カテゴリー別アーカイブ: 連載「公共を創る」

連載「公共を創る」第97回

連載「公共を創る 新たな行政の役割」の第97回「保険に見る企業と政府の協働」が、発行されました。

前回までの「第4章 政府の役割再考 1.社会の課題の変化」(連載第71回〜96回)では、日本が成熟社会に入り社会の課題が変わったこと、それに従って行政の任務も大きく変わるべきであることを説明しました。今回からは「2.社会と政府」に入り、これらの変化を念頭に、これからの政府の役割を検討するために、社会と政府の関係を見直してみます。

本稿では、社会は公私が対立しているのではなく、官(政府・行政)、共(非営利活動、非営利団体)、業(企業・市場経済)の三つの主体・場・仕組みに支えられていると考えるのです。そして、社会が私たちの暮らしを支えている場合には、モノやサービスの提供だけでなく、働く場、他者とのつながり、生きがいや居場所という機能も果たしています。それらは、法律や制度だけでなく、国民の意識と生活がつくっています。
かつて安全で安心といわれた日本、また驚異的な経済成長を支えたのは、これら国民の民度や気風がつくるこの国のかたちでした。
しかし、今や日本社会の安心にほころびが生じ、経済も低迷しています。安心して暮らせる社会をつくるためには、行政の役割を現状に即して変更していくことも必要ですが、民間の役割や国民の意識の変革も重要です。

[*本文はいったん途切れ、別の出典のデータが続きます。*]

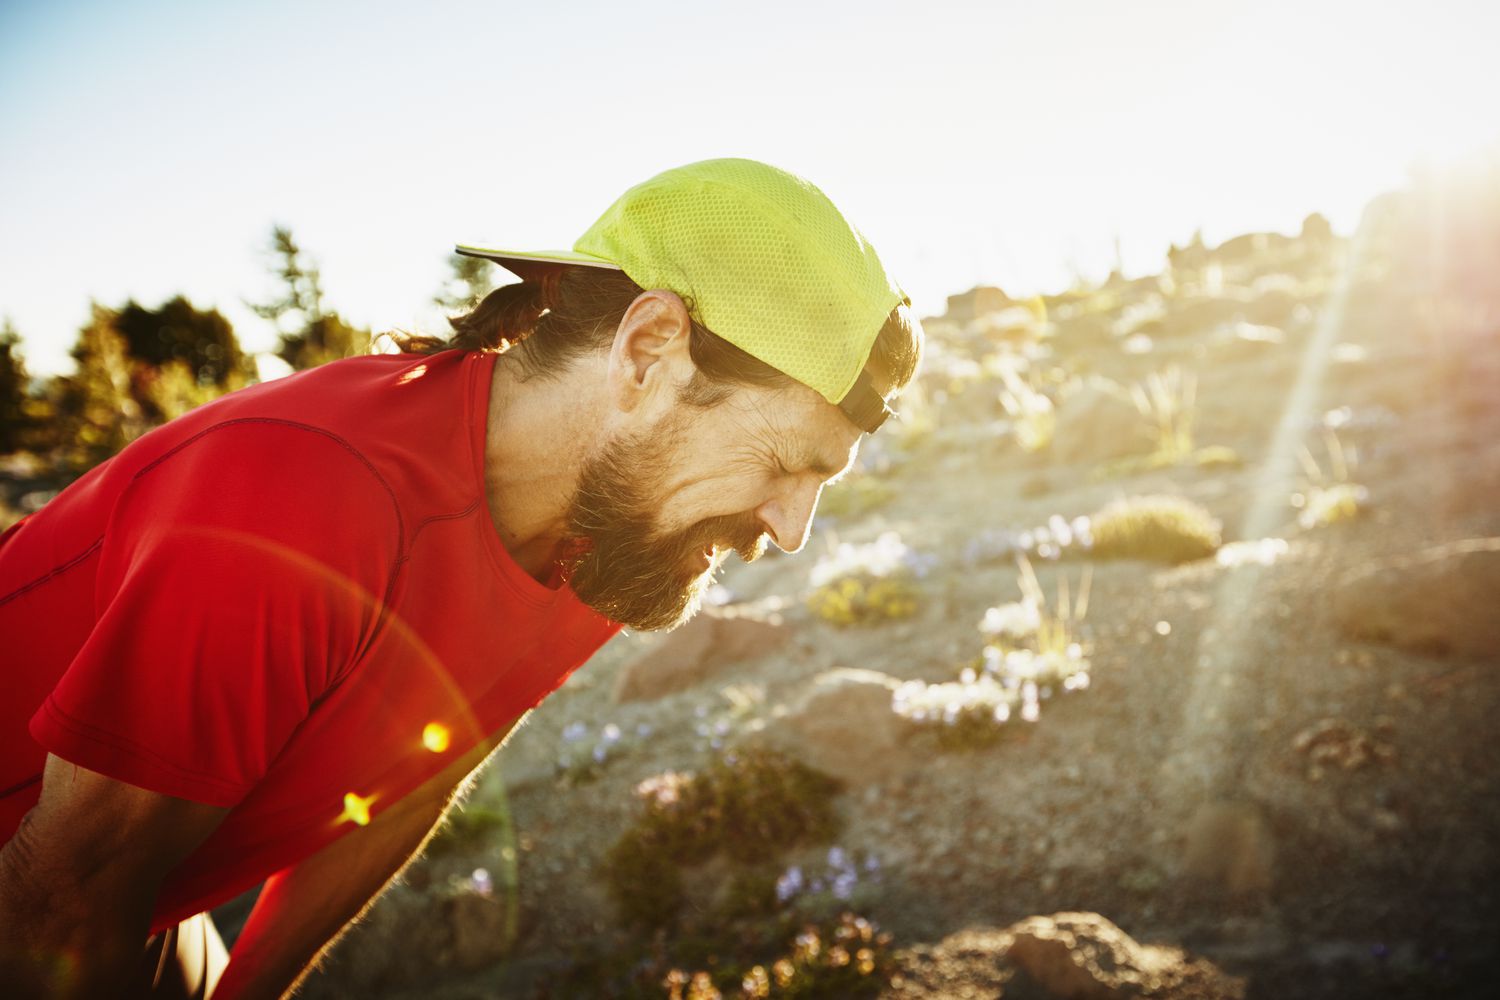 Trail runner breathing hard after run on mountain

ここでは、社会を支える民間活動と国民意識を再検討します。まず、改めて企業という存在に注目してみます。保険を例に、企業が私益を追求するだけでなく、社会を支えていることを見ます。

連載「公共を創る」執筆状況報告

恒例の、連載「公共を創る 新たな行政の役割」の執筆状況報告です。
紙面では「第4章政府の役割再考」の「1社会の変化」が10月21日で終わり、28日から「2社会と政府」に入ります。「(1)社会を支える民間」の前半、3回分は既にゲラになっています。
その続きを書き上げ、手を入れてもらうべく、右筆たちに送りました。右筆さんたち、よろしくお願いします。

「(1)社会を支える民間」の後半は、社会を支える国民の意識についてです。日本は民度が高く、関係資本や文化資本も強いと言われています。「この国のかたち」「日本人論」として高く評価されてきました。しかし、それらが新しい暮らしの形に適合せず、社会の活力と安心にほころびが出ています。この通念と社会の仕組みの問題について説明しました。

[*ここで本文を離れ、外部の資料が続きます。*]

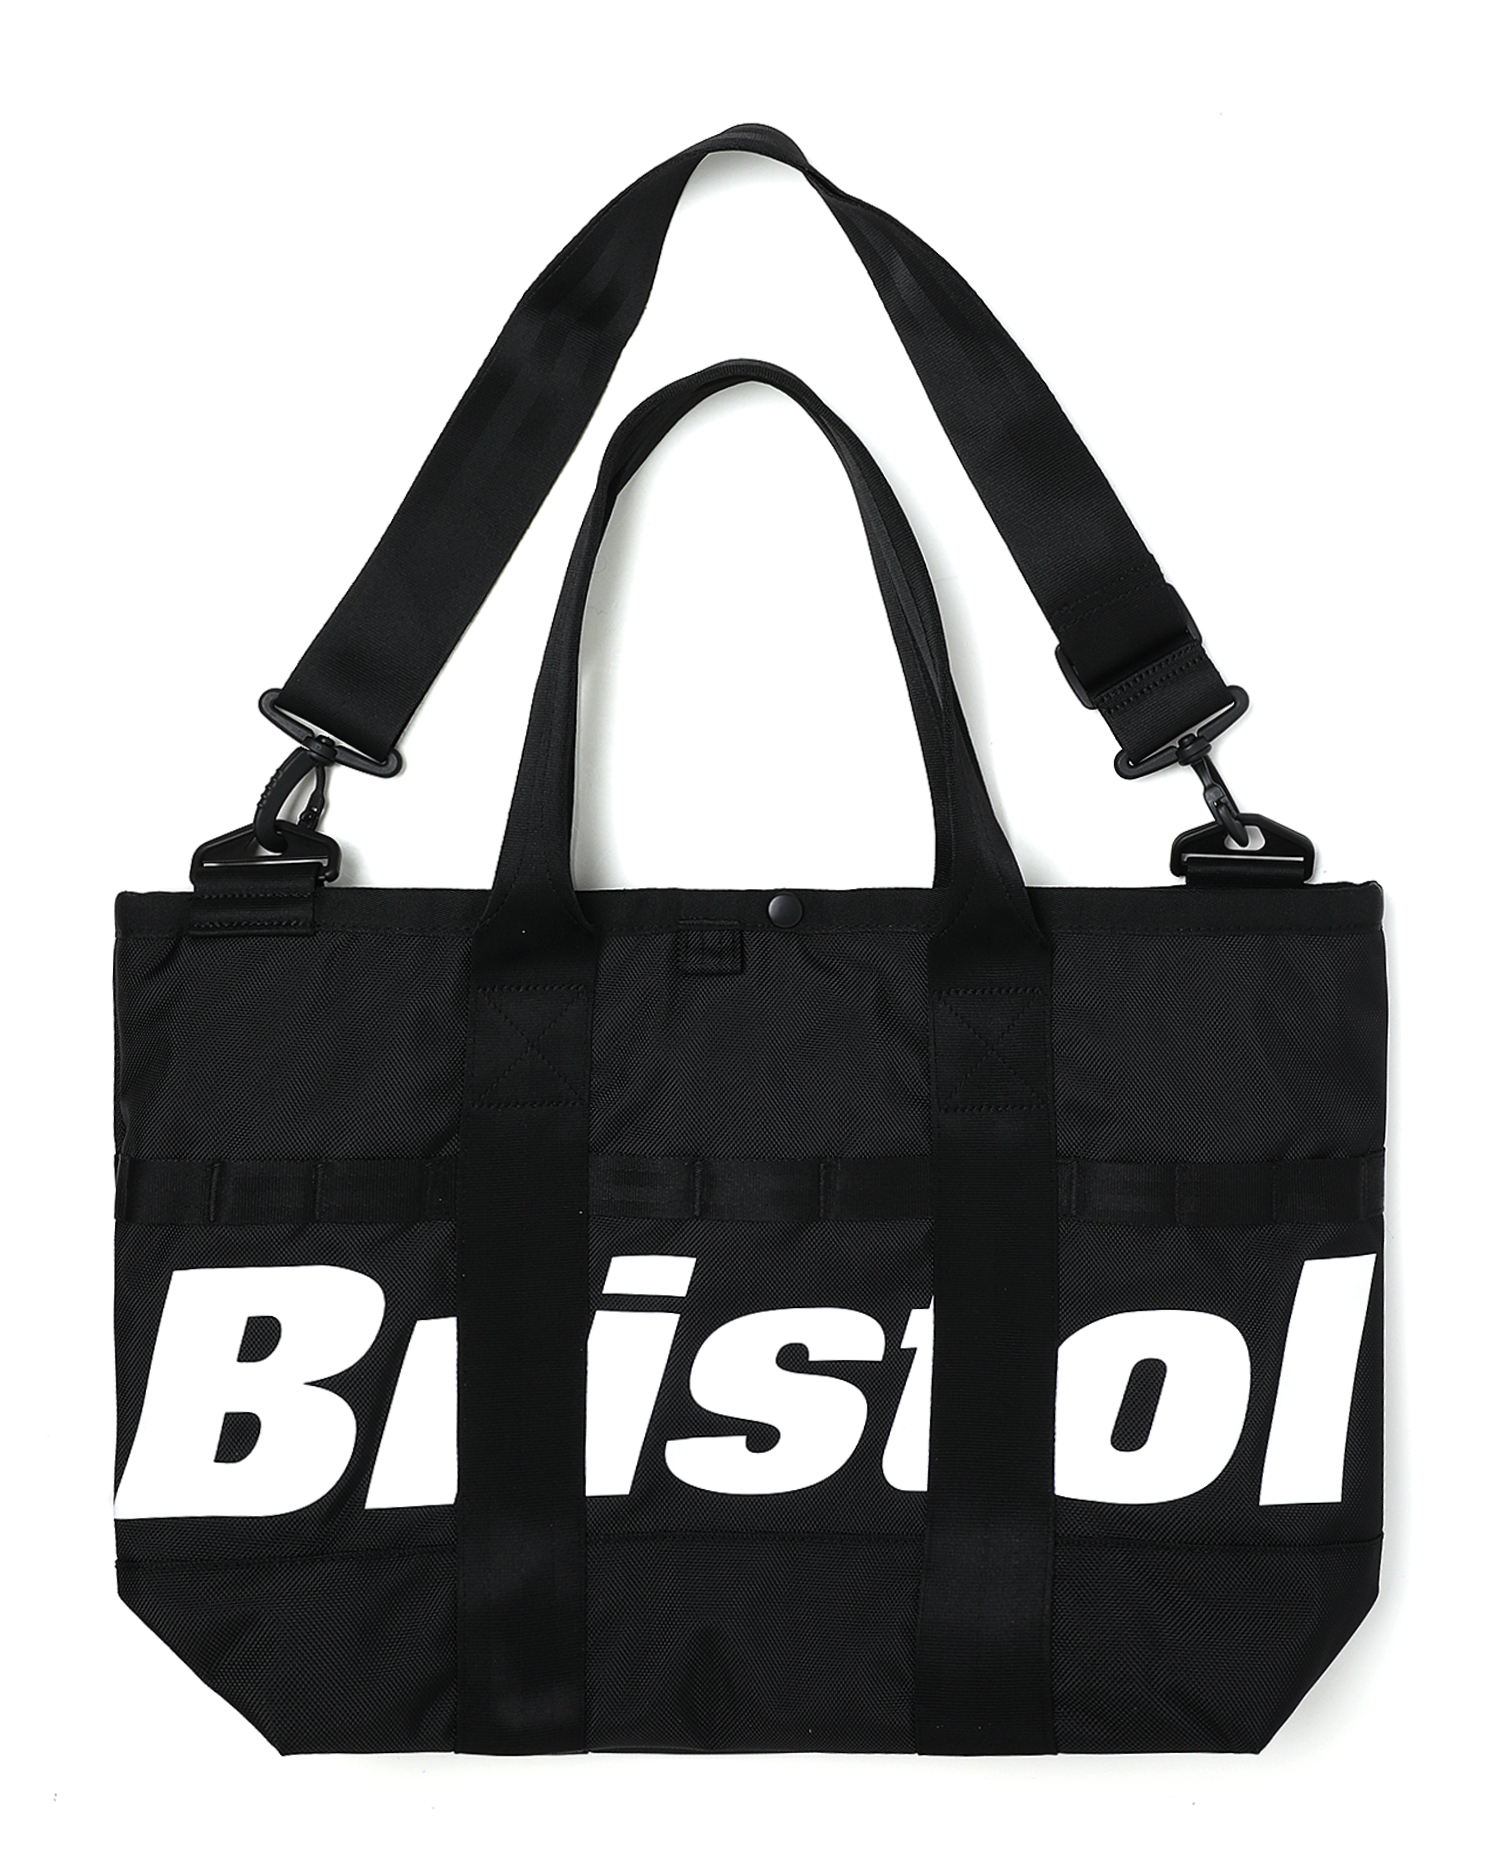 SMALL TOTE BAG fcrb 23ss ブリストル トートバッグ 1 - トートバッグ

これまでの執筆で、いろんな角度いろんな分野でこの問題を取り上げたので、それらの集約となります。「この話は、どこかで書いたよな」と、過去に書いたものを見なおしてみると、たくさん出てきます。まあ、この主題で書いているので、当然ですが。
とはいえ、今回も執筆に難渋しています。転職したばかりでいろいろと用務があること、夜の異業種交流会を再開したことから、なかなか執筆の時間を取ることができません。

連載「公共を創る」目次4

連載「公共を創る」目次3から続く。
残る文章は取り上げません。